If the removal of student debt from credit reports is prohibited by lobbyists and the banking community, an alternative could be to change the credit score algorithms. This would be similar to a medical bill, where the debt is mitigated from the credit score.
8. Balance transfer Social Security toward student debt
The Millennial generation, which now holds the title as the largest working generation, will more then likely not be entitled to Social Security benefits unless serious entitlement reform is passed (not likely).
That said, allowing those with student debt to use their withheld Social Security benefits to pay off the debt would ensure they receive their benefits today. They would forego getting Social Security benefits until a delayed age of over 70 or higher, getting a benefit on the front end. The 115th Congress could get their wish by finally balancing this entitlement program while at the same time helping a future generation of voters. Clearly math is crucial, but I’m sure our representatives could faithfully make the numbers work.
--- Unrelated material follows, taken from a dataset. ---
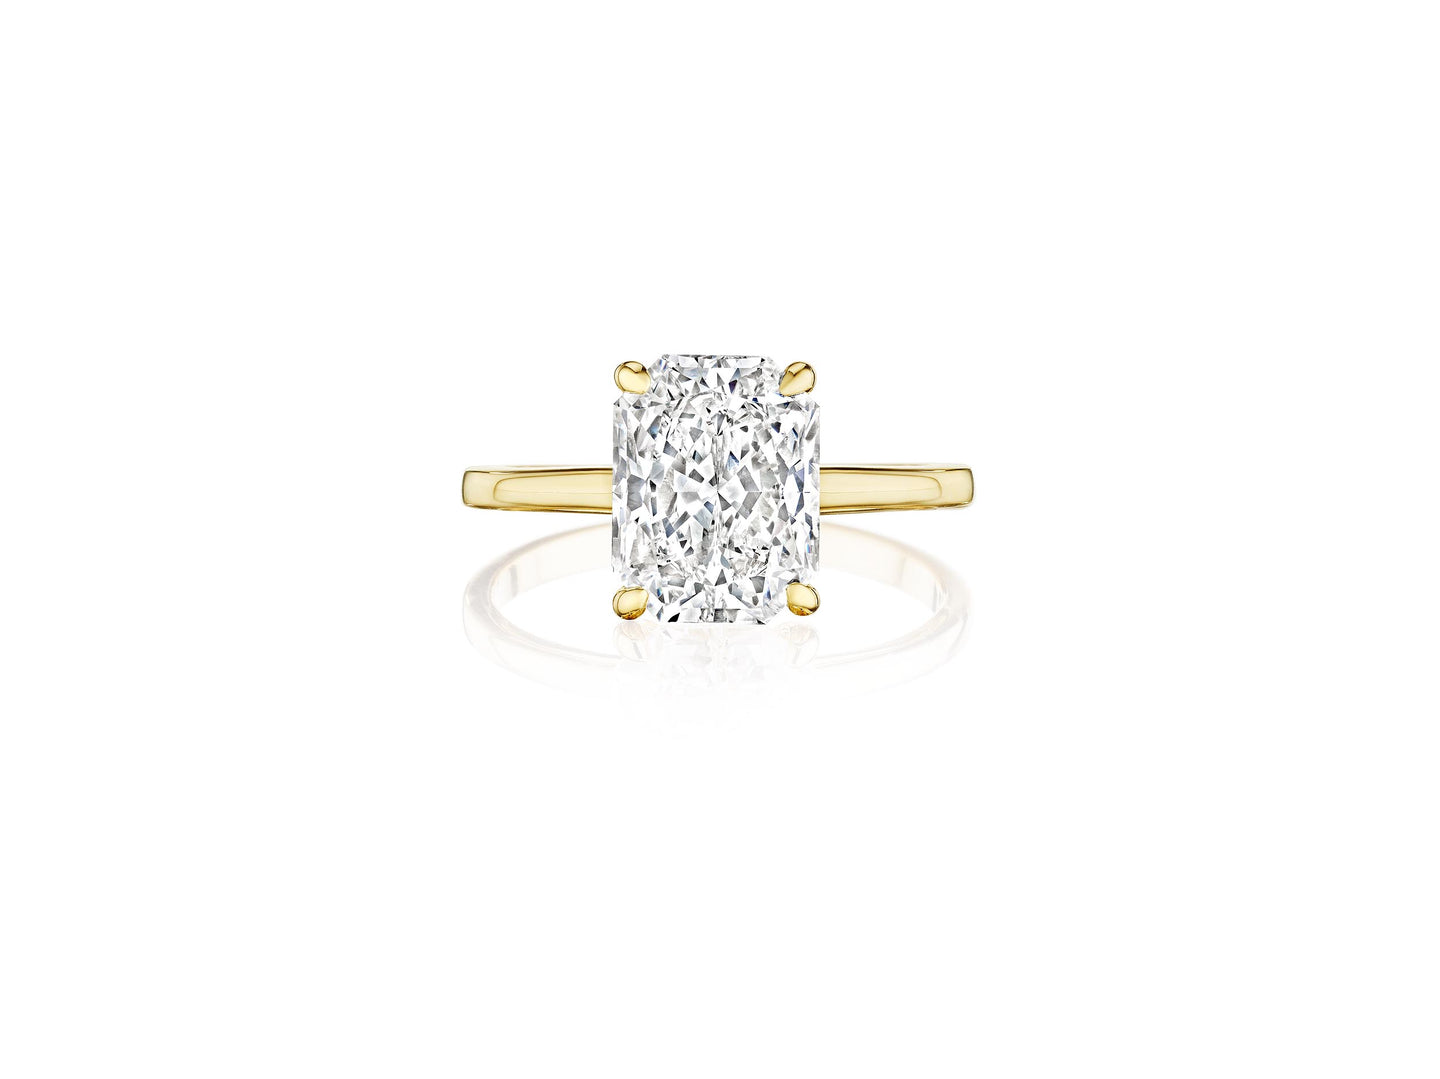 Fink's Exclusive Solitaire Radiant Diamond 14k Yellow Gold Engagement Ring

9. Alumni get a 50% tuition discount
The schools which created the majority of the student debt would be required to offer tuition discounts to a member(s) of the debtor’s immediate family. This pay-it-forward solution ensures kids of the millennial generation will get an affordable education, without going into debt like their parents.
The onus is then placed on universities to become creative in their incentives, relieving the government of the responsibility. In a competitive market, a university could then generate an ability to draw more students depending on how aggressive their plan is.
10. College fund has matched contributions
All student debt payments made can have a matched contribution by both the federal government and a school of choice into a future fund for the children of the debtor. This again pays it forward for the children of the millennial generation.
All ten of these creative solutions are a basis for creative legislation. They are not the only ideas, but are a starting point for serious discussions. Without federal laws addressing the $1.3 Trillion problem, nothing will get done. Therefore, members of Congress on both sides of the isle need to address the debt problem before another financial bubble bursts.